17. Mr Mills submitted the report of Professor French and indicated that he would be relying on the outcome of all the tests at Apex. Essentially, Mr Mills asked me to note the 59% of the tests taken on the same day as the respondent's tests were invalid and this strongly suggested deception, with proxies being used on that day. He said that the Millington and Collings witness statements showed the process undergone, in that there was a software process which, was followed by two human processors. Given the civil standard of proof, this was enough to discharge the burden of proof. Professor French's report said that the software had sufficient safeguards, that there would be less than a 1% chance of false positives and this, Mr Mills argued, was enough to discharge the burden. He further relied on MA(ETS – TOEIC testing)[2016] UKUT 00450(IAC), where there was a greater depth of evidence and it was held that the full burden was discharged, with the appeals dismissed.
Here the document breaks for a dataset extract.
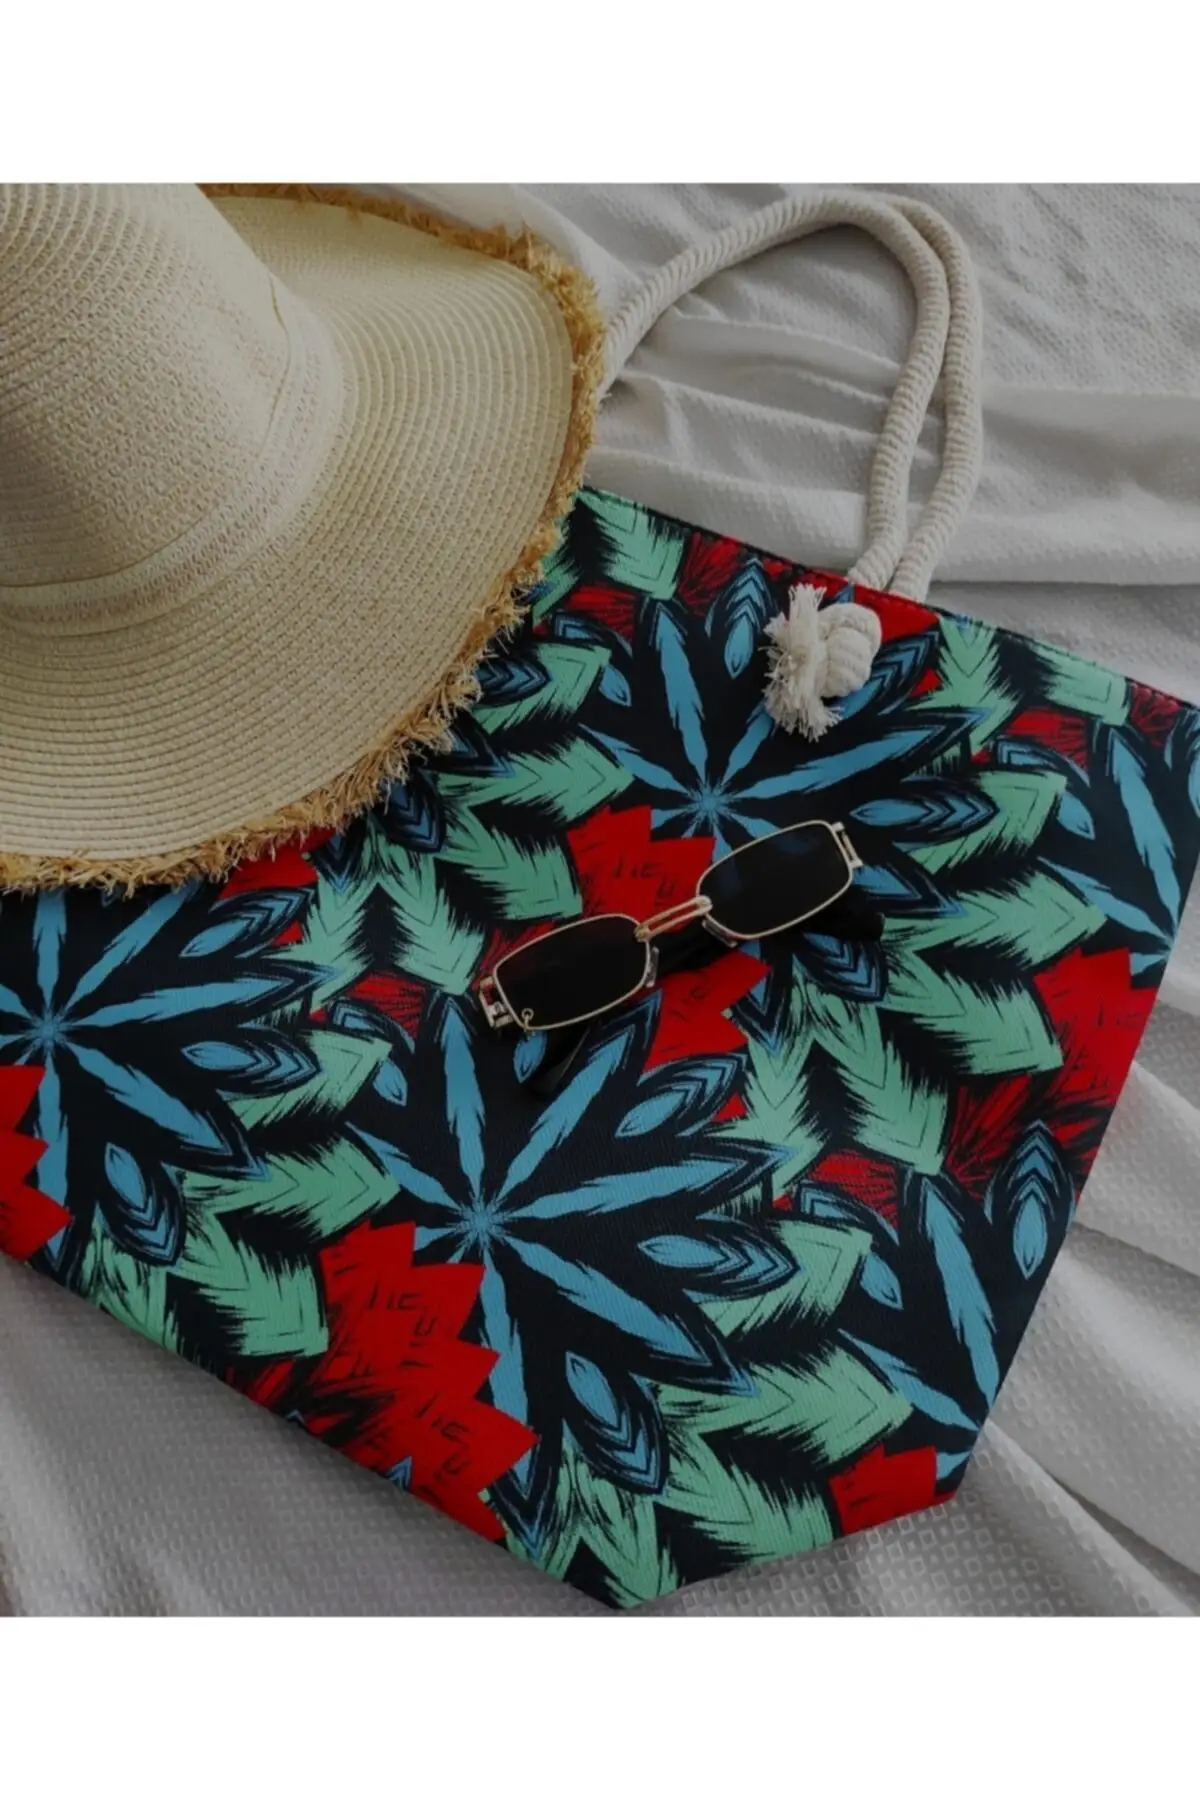 

Женская пляжная Соломенная Сумка-тоут, многоцветный узор, модная вместительная сумка-шоппер на плечо с узором

18. At the end of the hearing I announced that I was remaking the appeal by dismissing it. My reasons follow.
19. As indicated above, the evidence relied upon by the Secretary of State, even in the absence of Professor French's report, discharged the initial evidential burden of establishing that the respondent procured his TOEIC certificate by deception.
20. The report of Professor French only fortifies these findings, given his unchallenged conclusion that there were "stringent criteria” for verification (of the automatic speaker recognition) by the trained listeners and that he estimated the rate of false positives to be less than 1 %.
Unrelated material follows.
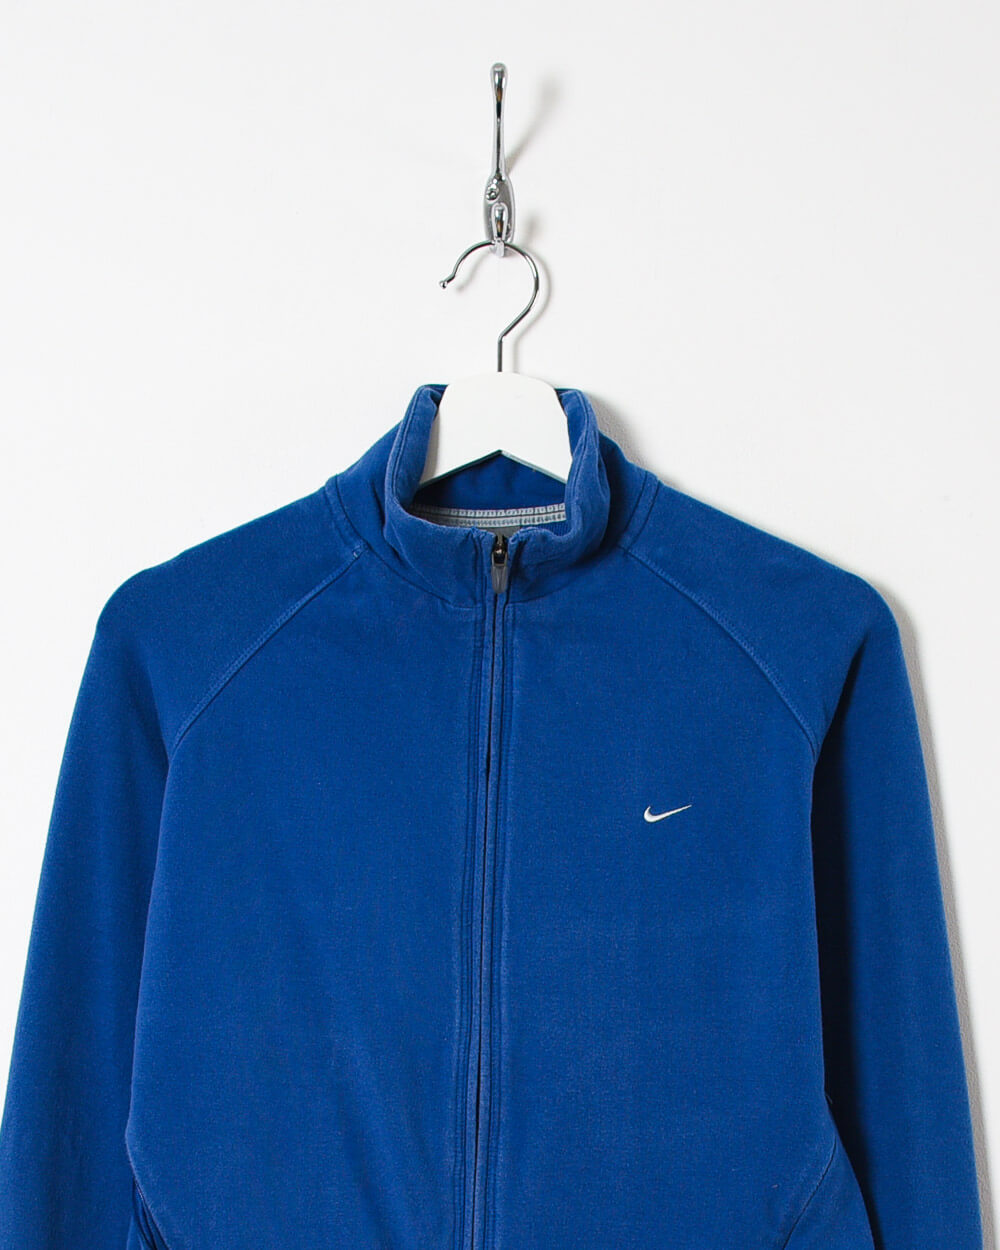 Blue Nike Women's Zip-Through Sweatshirt - Large

21. The respondent has avoided cross-examination on two occasions and his witness statements are devoid of credible detail. He simply denies deception and suggests that he has no need to employ it. That bare denial does not amount to raising an innocent explanation and the ostensible lack of a motive for using a proxy are not a matter for me. Accordingly, the evidence and statements relied upon by the respondent do not even begin to shift the burden of proof back to the Secretary of State. I am therefore satisfied that the respondent used deception, by using a proxy. I am further satisfied that owing to the use of deception, the Secretary of State was not required to grant the respondent 60 days’ additional leave because his sponsor was no longer on the Tier 4 register at the time of the decision to refuse further leave to remain.

Conclusions
The making of the decision of the First-tier Tribunal involved the making of an error on a point of law.
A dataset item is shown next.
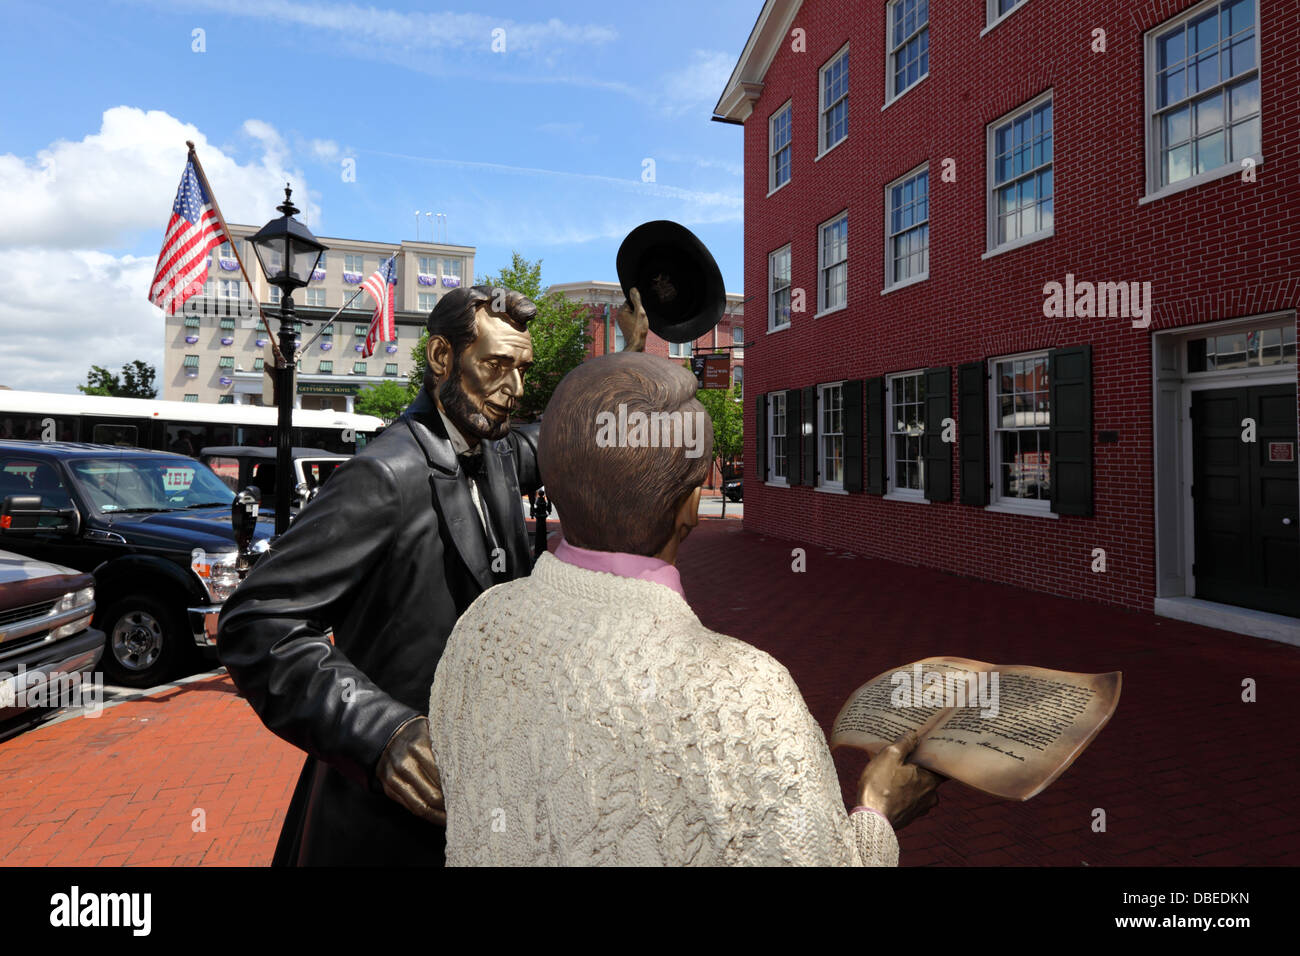 Retour Visite de Lincoln Square, statue en l'honneur d'Abraham Lincoln Discours de Gettysburg, Gettysburg, Pennsylvanie, USA Banque D'Images

I set aside the decision to be re-made.
I substitute a decision dismissing the appeal on the basis that the respondent used deception in an application for further leave to remain.
No application for anonymity was made and I saw no reason to make such a direction.



Signed
Date: 22 March 2017

Upper Tribunal Judge Kamara




TO THE RESPONDENT
FEE AWARD
I have dismissed the appeal and therefore there can be no fee award.